Material shown:

•••••

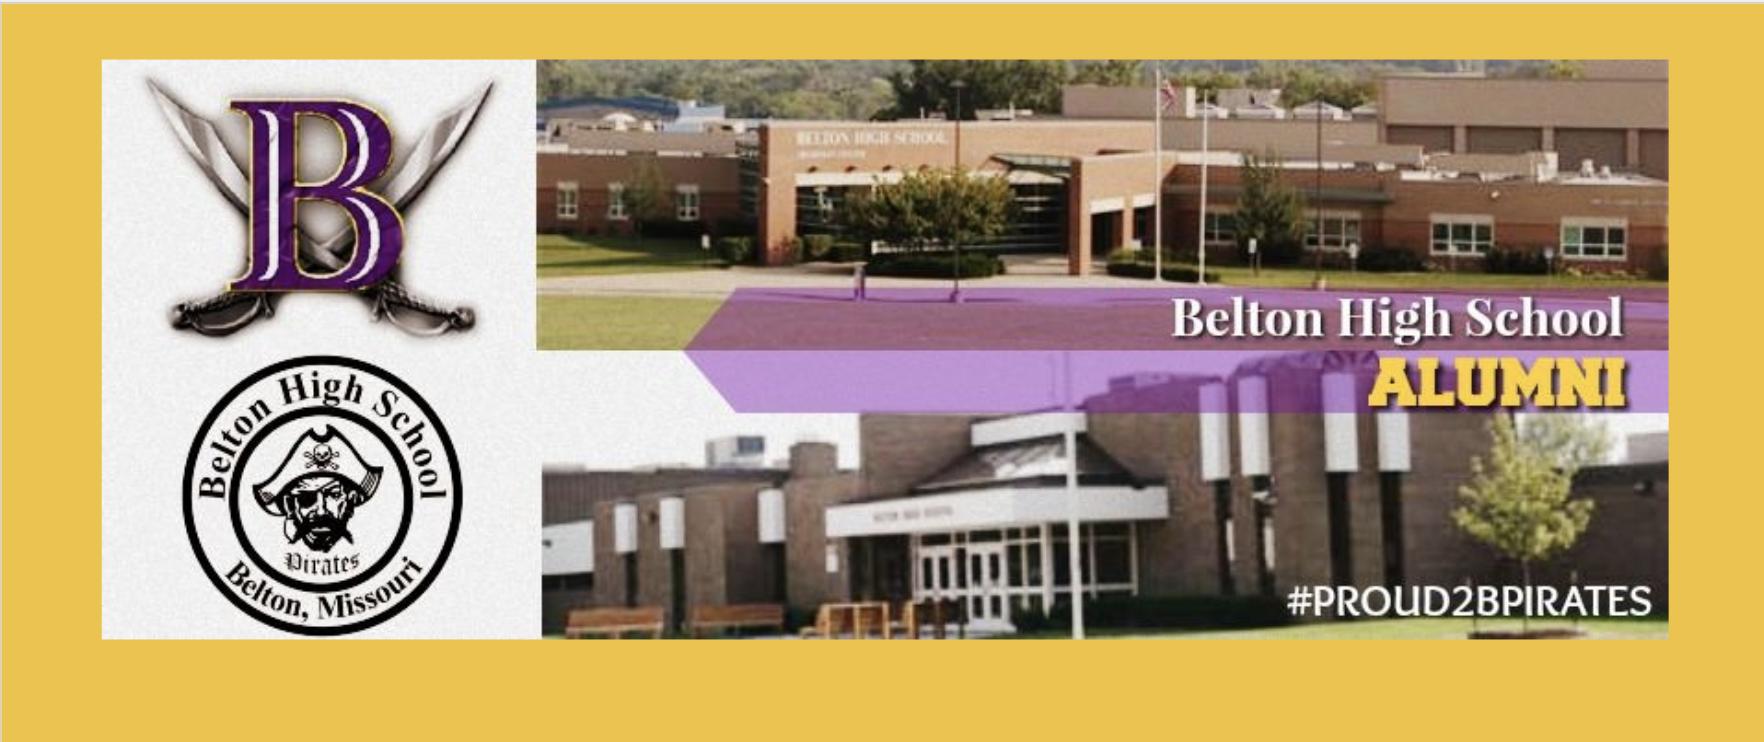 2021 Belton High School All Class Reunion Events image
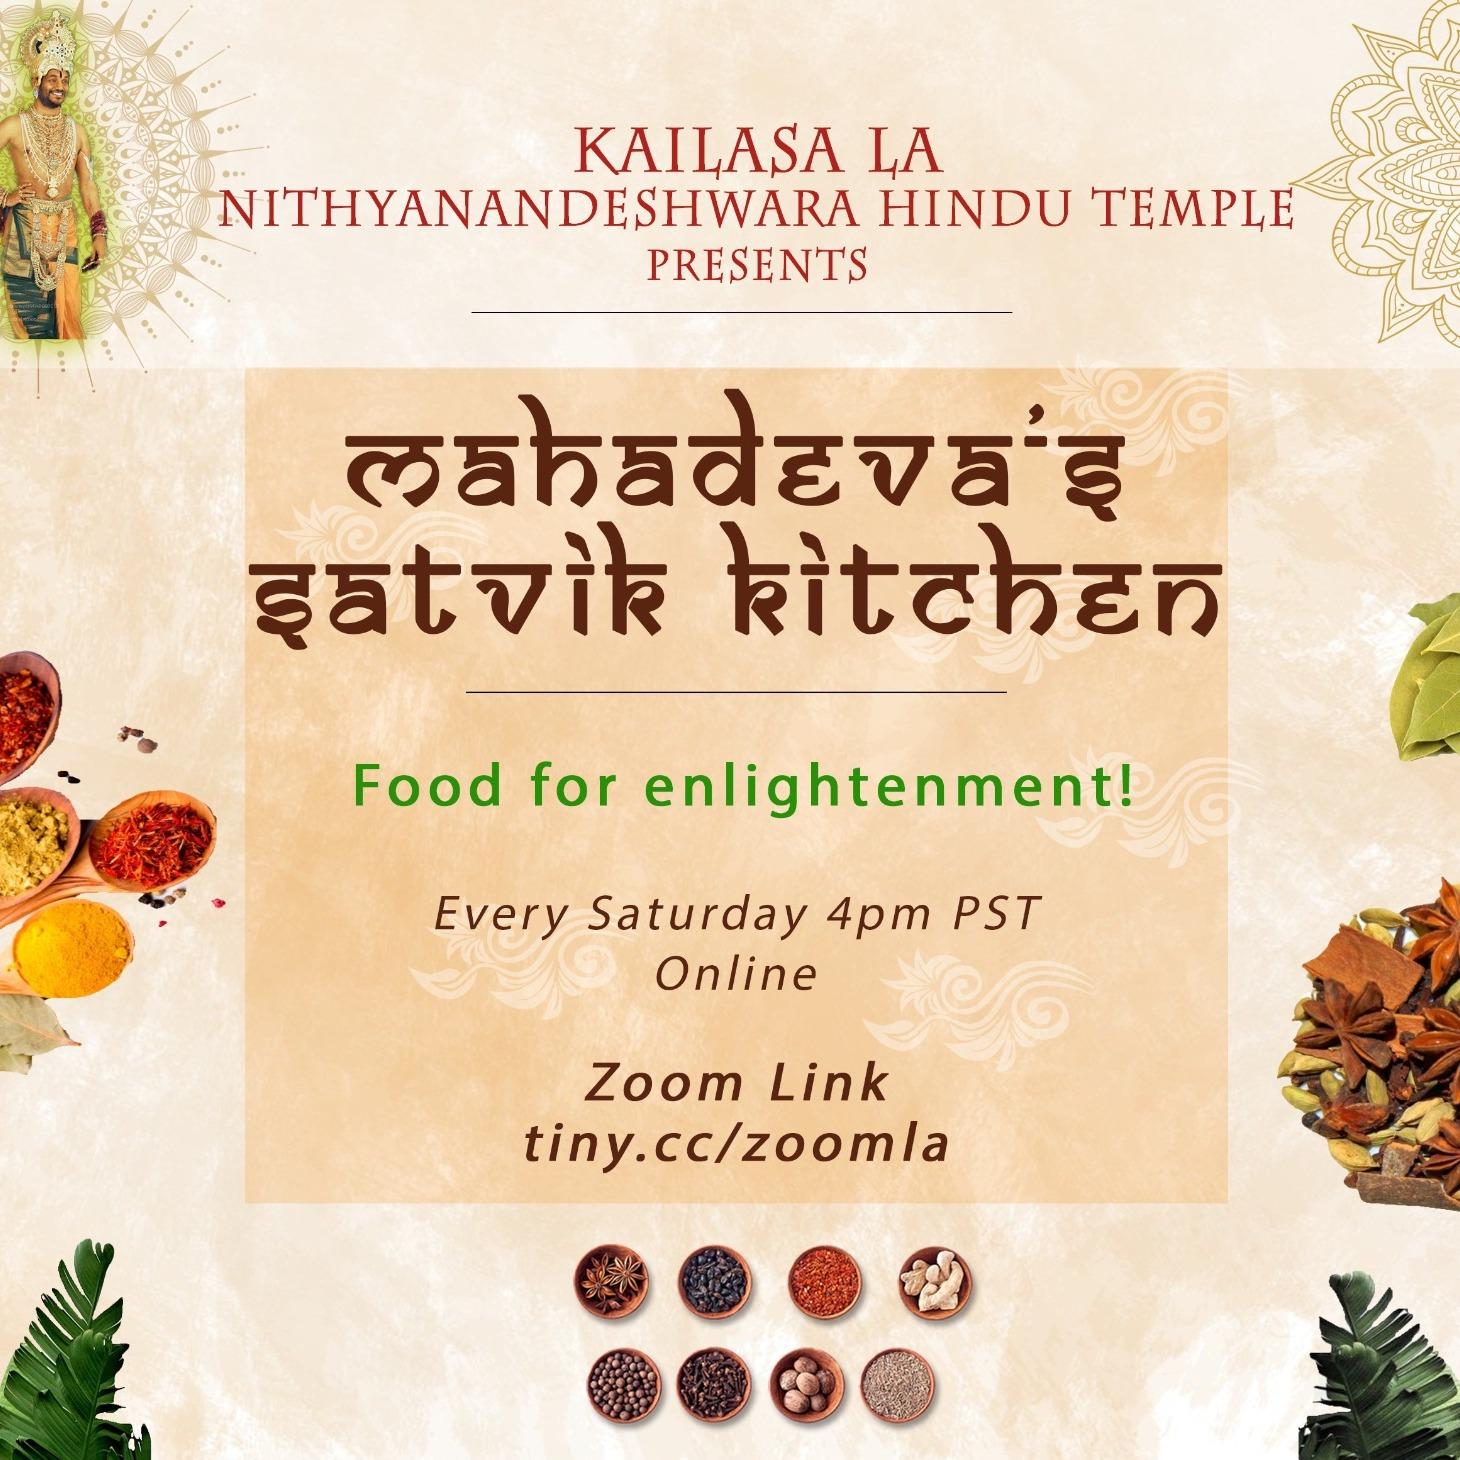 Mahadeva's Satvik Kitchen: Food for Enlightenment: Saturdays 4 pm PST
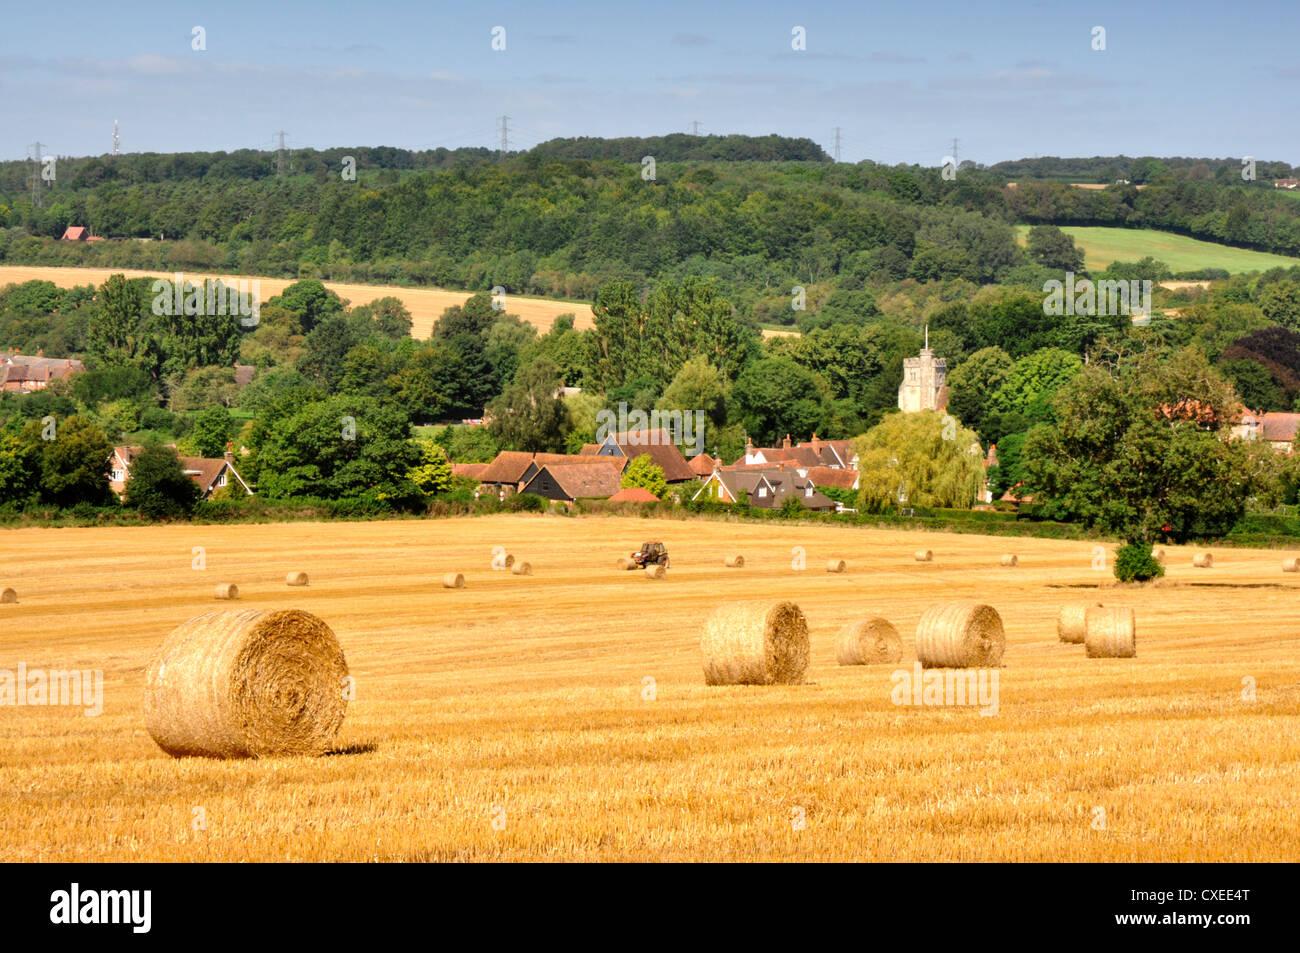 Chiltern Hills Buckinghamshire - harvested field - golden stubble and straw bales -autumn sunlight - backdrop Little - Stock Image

•••••

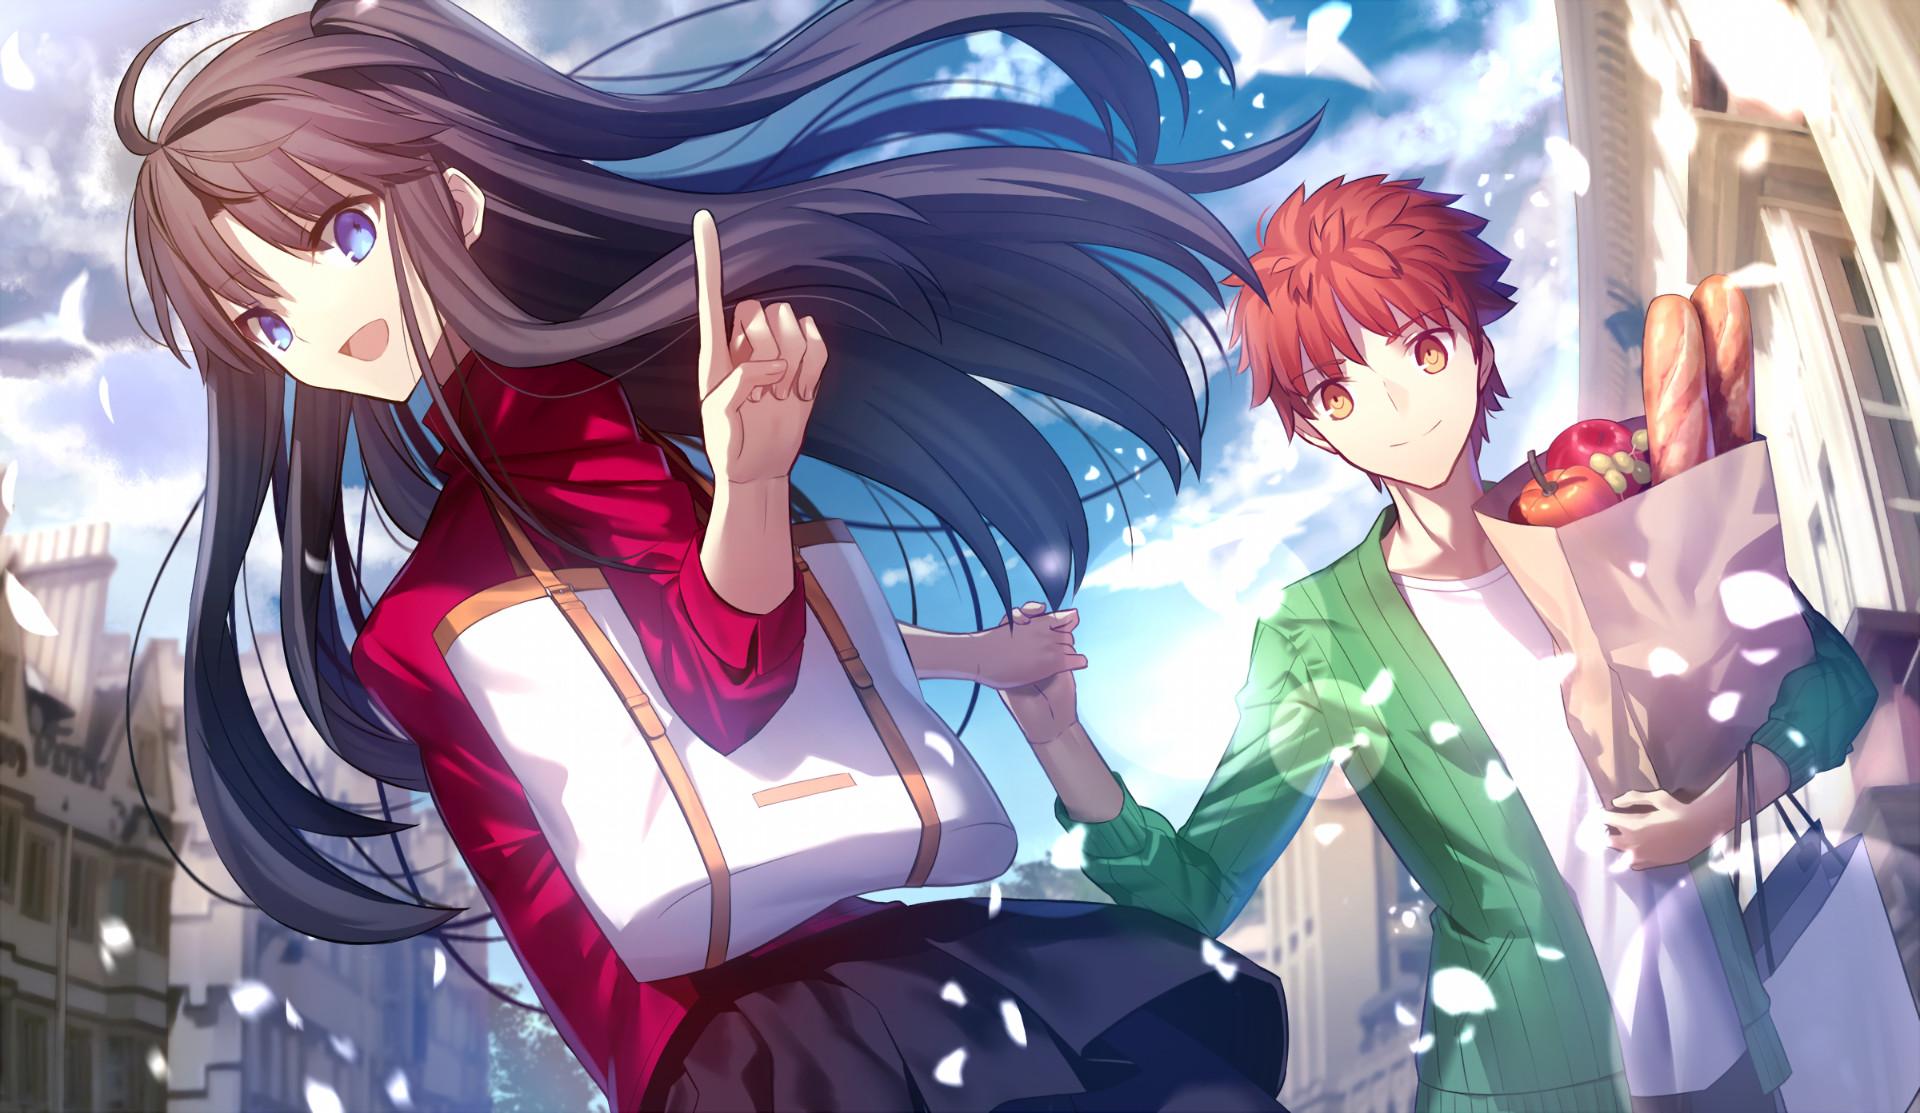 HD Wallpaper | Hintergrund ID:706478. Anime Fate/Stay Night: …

•••••

What is needed: In the listing above, find the line containing "2021 Belton High" and the line containing "Chiltern Hills Buckinghamshire", then output those two lines and everything between them exactly as written, without the images.

Exercise result:
 2021 Belton High School All Class Reunion Events image
 Mahadeva's Satvik Kitchen: Food for Enlightenment: Saturdays 4 pm PST
 Chiltern Hills Buckinghamshire - harvested field - golden stubble and straw bales -autumn sunlight - backdrop Little - Stock Image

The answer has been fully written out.